It all started back in 2006, the year after I moved into my first studio, swapping the spare bedroom chaos for a large space that seemed at the time quite overwhelming. I guess you could say that’s when I first became a professional artist.
That winter I was really developing my own style and my awareness of the local surrounding landscape was heightened. I began making sketches from elevated windows on the fourth floor of the old cotton mill where I now took residency; which also happened to provide me with the same views I had from my childhood home and school, situated en route.
Suddenly I was thrown into a nostalgic trip down memory lane; visions of journeys to and from school, playing out with friends until dusk.
The mills of Mossley were still in full production, and i wondered if that was to be my life’s fate as I left the cosy world of high school education. As I rambled through not too distant memories, I saw dinner being prepared through dimly lit, steamed up kitchen windows.

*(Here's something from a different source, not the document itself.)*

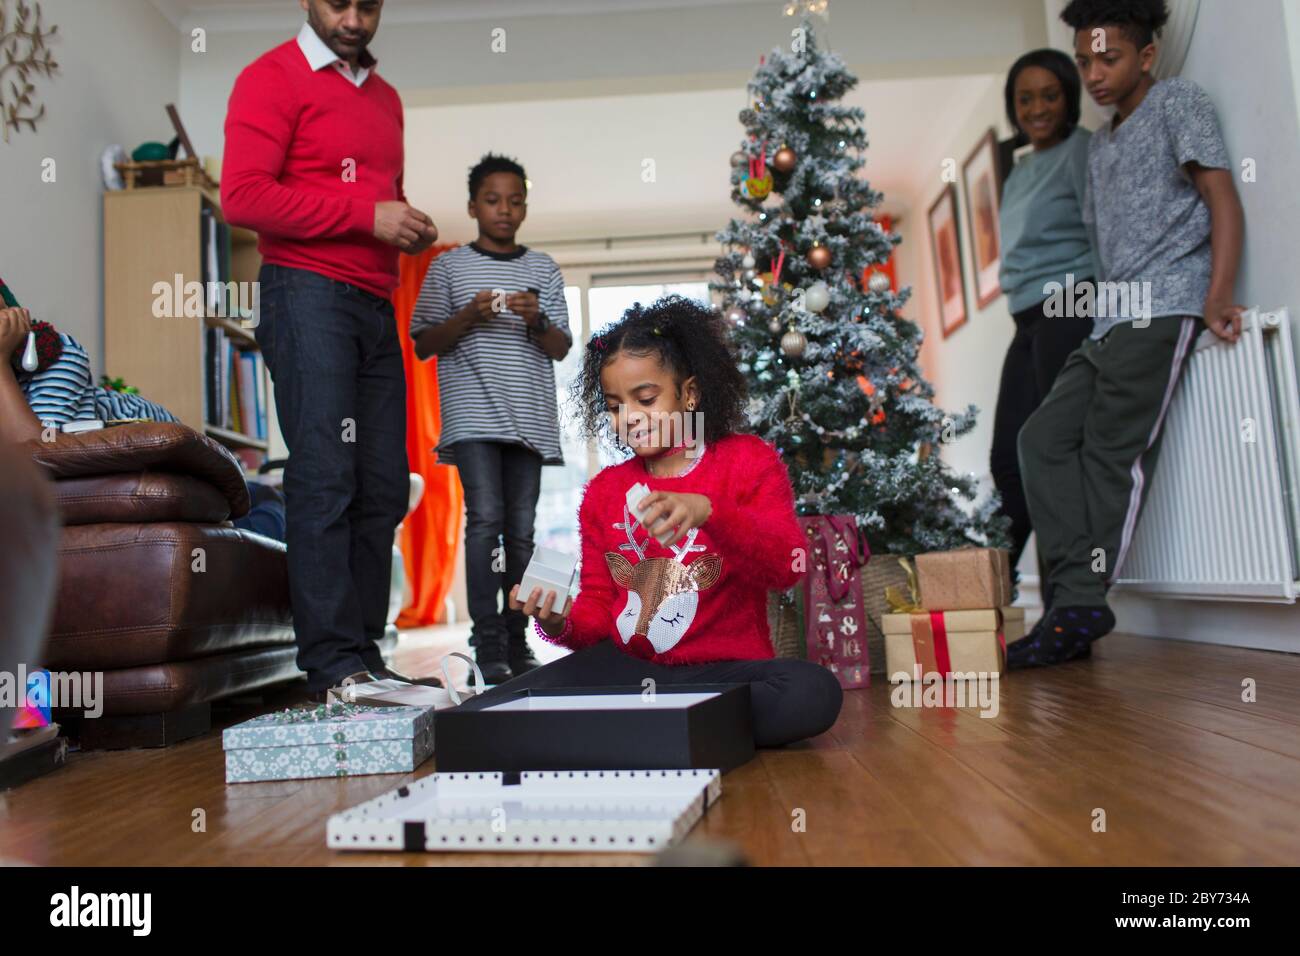 Familie beobachten Mädchen öffnen Weihnachtsgeschenke auf Wohnzimmer Boden Stockfoto

I noticed the back alleys of terraced houses glowing under orange light, illuminating wheelie bins, and bizarrely the ugly skip at the end of the drive had now been transformed into a beacon of beauty as it bathed in sodium glory. My fascination with the magic hour in winter, nestled between day and night, highlighted the chemistry between the natural and the man-made, drenched in artificial light.
Chris is currently painting the Northern Lights series numbers 160+.
A book celebrating the series, will coincide with the Governments proposed initiative by 2017 to replace all the UK’s sodium street lights with ‘White’ LED bulbs.